After 9/11 Terrorists’ Plea Deal, Biden May Move Gitmo Inmates to U.S.

UPDATE: Secretary of Defense Lloyd Austin withdrew the plea deals for 9/11 terror attack mastermind Khalid Shaikh Mohammad and two other terrorists.

(Dmytro “Henry” Aleksandrov, Headline USA) The White House confirmed on Aug. 1, 2024, that Joe Biden is “determined” to close the Guantánamo Bay prison before leaving office at the beginning of 2025.

The news came after it was announced that the Biden administration offered three plea deals for al-Qaida terrorists who were responsible for the 9/11 attack and are now held at the military facility.

The New York Post reported that Biden was not responsible for the plea deal negotiations that took the death penalty off the table for the terrorists, among whom was 9/11 mastermind Khalid Sheikh Mohammed.

“Does the president still plan to close the Guantanamo Bay prison before he leaves office? Is there a realistic pathway to do that in the next six months?” a journalist asked at one of the White House briefings.

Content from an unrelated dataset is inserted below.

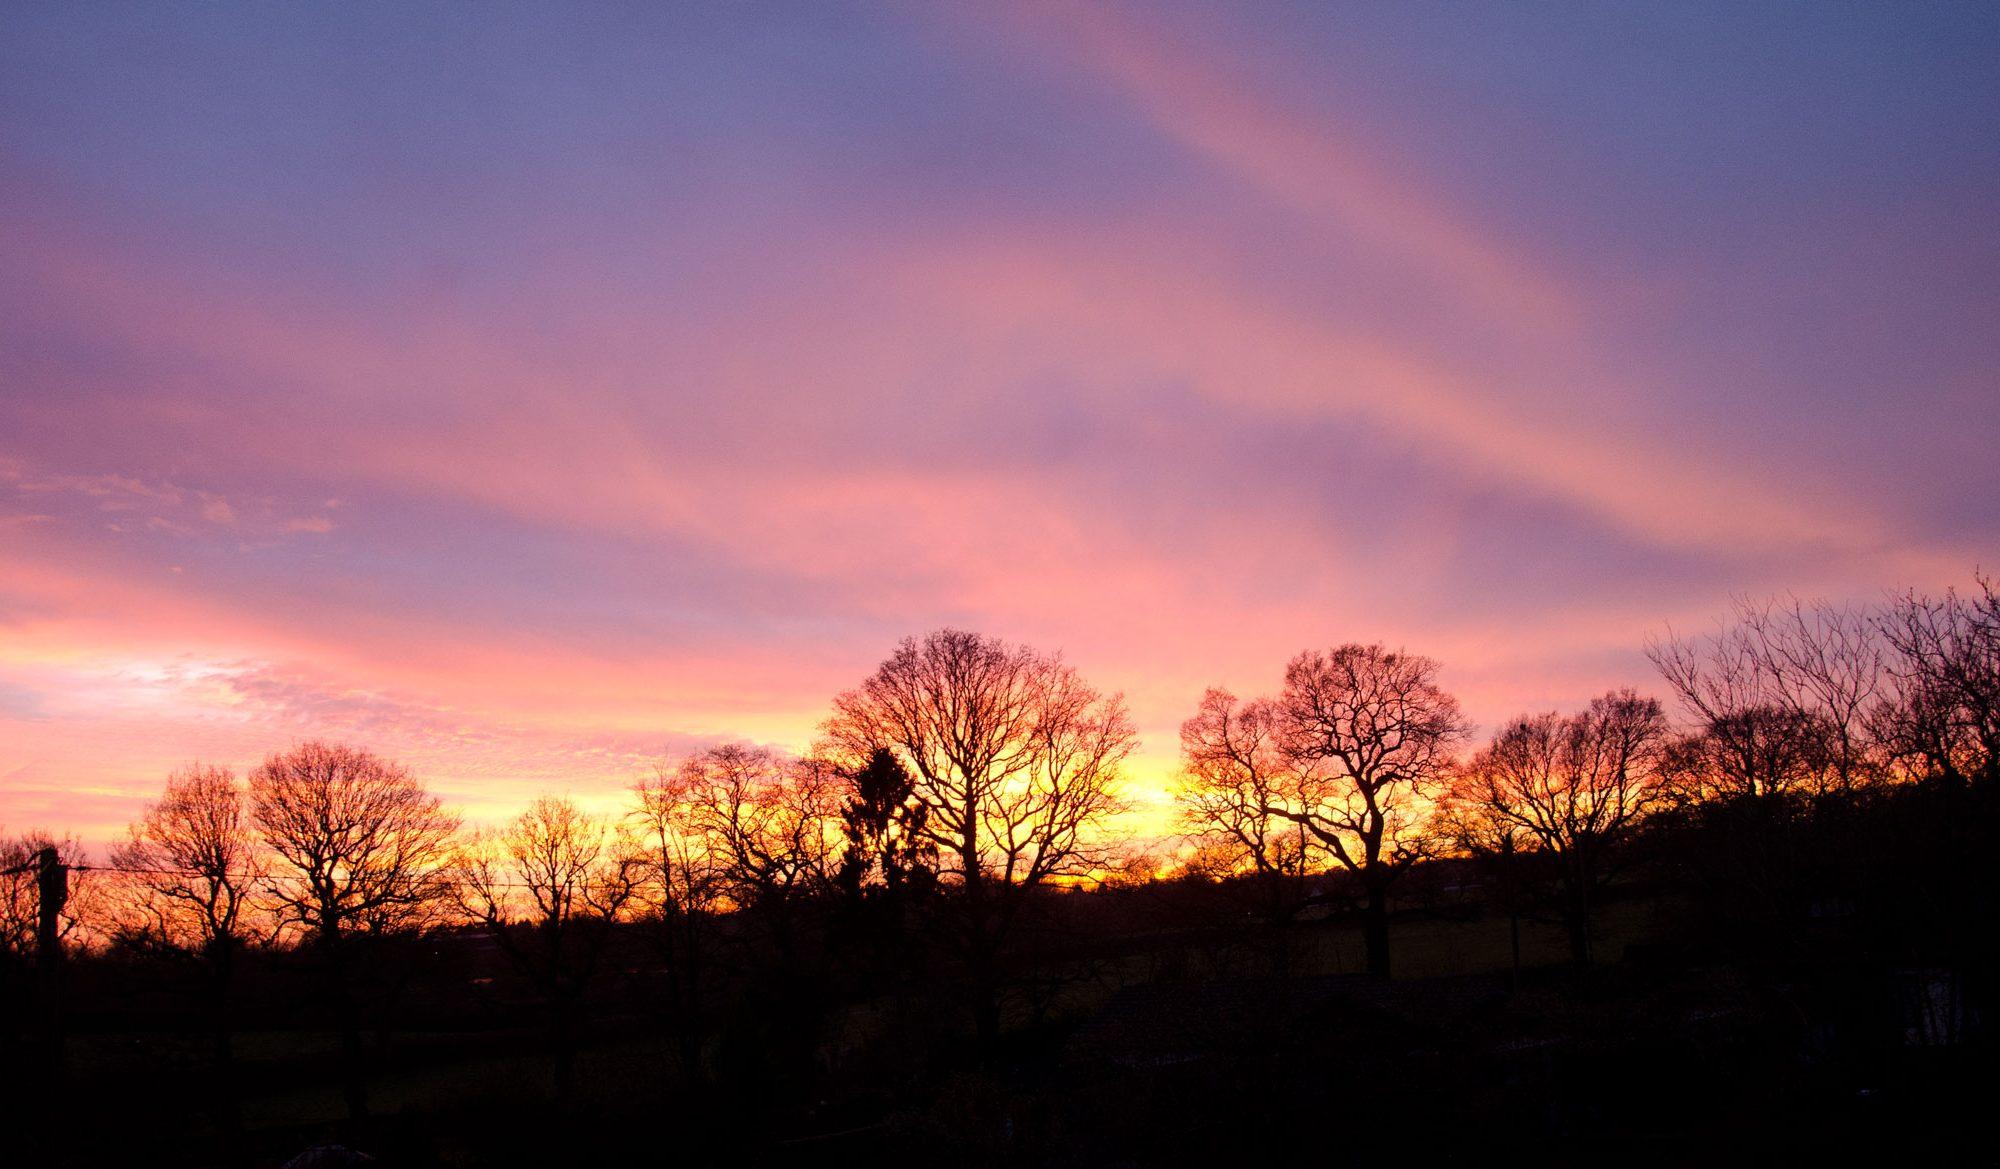 Photo Winter Sunset over Hogspudding Lane © Chris Collis

White House press secretary Karine Jean-Pierre gave a vague response.

“That’s still something that the president wants to do and get done. As far as a timeline, I don’t have anything for you here, but obviously, this is something that he wanted to be done under his administration. I just don’t have anything else to read out or preview at this time, but it is something that he’s determined to get done,” she said.

Mohammed, who reportedly plotted the terror attacks that killed about 3,000 people in New York City, at the Pentagon and in Pennsylvania, was captured in Pakistan in 2003.

During the same year, two supposed co-conspirators, Walid Muhammad Salih Mubarak Bin Attash and Mustafa Ahmed Adam al Hawsawi were captured as well.

All of them accepted plea deals that’ll guarantee they’ll be spared the death penalty. It is not clear where exactly the terrorists will serve out their life prison sentences.

In 2018, Congress decided to restrict the use of funds to transfer Mohammed specifically to the territory of the United States.

Soon after the news broke out, 9/11 victims’ families said that they thought that the men deserved to stand trial and be executed. To avoid even more considerable backlash from the public, White House national security adviser Jake Sullivan suggested that Biden was not responsible for the plea deal, even though he previously supported closing the prison.

“The president had no role, the vice president had no role, I had no role and the White House had no role. And we were informed yesterday—the same day that they went out publicly—that this pretrial agreement had been accepted by the convening authority,” he said.